How to join Korean line with Latin line?

evanesce · Jun 22, 2017#12017-06-22T16:36+00:00

Hi.

I am just wondering if I can do it with the replace command. I have a file which lists a lot of scientific and common names of mushrooms. The common names are written in the Korean language and then the scientific names.

For example:

Code: Select all

#@%@#$#$   // <- Let's say this is Korean.
Lycoperdon echinatum Pers

%%$!%$%$  // <- Let's say this is Korean.
Boletus violaceofuscus Chiu

This pattern continues.

I just want to put all the scientific names right after the common names like this:

Code: Select all

#@%@#$#$ Lycoperdon echinatum Pers
%%$!%$%$  Boletus violaceofuscus Chiu

Can I do it with the replace command?

If not, how can I do it?

Any help will be greatly appreciated.

Thank you so much.

Mofi · Jun 23, 2017#22017-06-23T05:59+00:00

In other words you do not want to move a line up or down, but you want to join each odd line with next even line.

Run command Trim trailing spaces and next a Perl regular expression Replace All using backreferences with the search string ^(.+)(?:\r?\n|\r)[\t ]* and using "\1 " as replace string without the double quotes just added here to show you that the replace string ends with a single space character or a tab character or whatever you want between each two joined lines.

Leading spaces/tabs on even lines are removed also automatically by this Perl regular expression replace because of [\t ]*.

(?:\r?\n|\r) is an OR expression in a non-capturing group to match a DOS (carriage return + line-feed), or UNIX (just line-feed) or MAC (just carriage return) line termination. You have not posted unfortunately which line termination type your file has although displayed in status bar of UltraEdit at bottom of main window for active file.

Of course this regular expression works only if the file contains on each odd line Korean text and on each even line Latin text.
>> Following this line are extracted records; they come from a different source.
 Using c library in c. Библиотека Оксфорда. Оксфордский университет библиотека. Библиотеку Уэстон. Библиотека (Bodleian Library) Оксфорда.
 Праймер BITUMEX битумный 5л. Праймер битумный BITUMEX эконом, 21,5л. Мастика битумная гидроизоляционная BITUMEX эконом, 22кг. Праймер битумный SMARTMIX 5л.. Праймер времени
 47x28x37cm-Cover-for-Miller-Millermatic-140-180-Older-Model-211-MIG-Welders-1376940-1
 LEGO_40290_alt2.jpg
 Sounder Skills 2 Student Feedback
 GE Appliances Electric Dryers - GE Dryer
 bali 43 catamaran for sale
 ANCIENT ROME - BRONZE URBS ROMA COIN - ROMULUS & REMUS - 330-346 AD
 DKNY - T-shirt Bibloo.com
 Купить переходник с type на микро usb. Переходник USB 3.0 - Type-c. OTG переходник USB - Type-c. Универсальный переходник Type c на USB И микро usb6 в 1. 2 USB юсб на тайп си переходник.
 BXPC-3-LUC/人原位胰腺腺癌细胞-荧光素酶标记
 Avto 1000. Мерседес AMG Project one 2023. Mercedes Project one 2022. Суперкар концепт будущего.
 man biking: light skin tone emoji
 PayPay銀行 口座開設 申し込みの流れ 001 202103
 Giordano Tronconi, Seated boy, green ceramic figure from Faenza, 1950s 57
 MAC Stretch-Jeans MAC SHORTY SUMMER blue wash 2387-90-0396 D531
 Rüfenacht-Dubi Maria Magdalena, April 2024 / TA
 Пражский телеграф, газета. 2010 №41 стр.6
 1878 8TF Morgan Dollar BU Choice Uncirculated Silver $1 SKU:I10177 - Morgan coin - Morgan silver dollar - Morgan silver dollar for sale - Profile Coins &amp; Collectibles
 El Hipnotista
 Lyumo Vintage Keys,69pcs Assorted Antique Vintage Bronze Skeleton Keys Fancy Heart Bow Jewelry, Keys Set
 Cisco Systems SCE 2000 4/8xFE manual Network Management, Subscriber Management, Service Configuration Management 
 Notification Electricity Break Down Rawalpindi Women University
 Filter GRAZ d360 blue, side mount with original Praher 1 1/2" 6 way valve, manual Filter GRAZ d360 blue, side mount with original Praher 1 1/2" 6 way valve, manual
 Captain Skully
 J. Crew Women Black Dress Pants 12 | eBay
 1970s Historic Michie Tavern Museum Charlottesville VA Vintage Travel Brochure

fleggy · Jun 23, 2017#32017-06-23T15:20+00:00

I would like to see a real sample because the Find regex should be able to distinguish between Korean and Latin text to join only the desired lines.

evanesce · Jun 23, 2017#42017-06-23T15:43+00:00

Fleggy, will this be enough?

Code: Select all

가시말불버섯
Lycoperdon echinatum Pers
가지색그물버섯
Boletus violaceofuscus Chiu
갓버섯
큰갓버섯 Parasol mushroom
Macrolepiota procera 
개덕다리겨울우산버섯
Polyporellus squamosus (Huds.) P. Karst

Thank you very much.

fleggy · Jun 23, 2017#52017-06-23T16:11+00:00

Great

So would be enough to simply join a Korean line with the following Latin line?
Your sample after transformation:

Code: Select all

가시말불버섯 Lycoperdon echinatum Pers
가지색그물버섯 Boletus violaceofuscus Chiu
갓버섯
큰갓버섯 Parasol mushroom
Macrolepiota procera
개덕다리겨울우산버섯 Polyporellus squamosus (Huds.) P. Karst

Does it look good for you?

EDIT: What encoding do you prefer? UTF-8 or UTF-16?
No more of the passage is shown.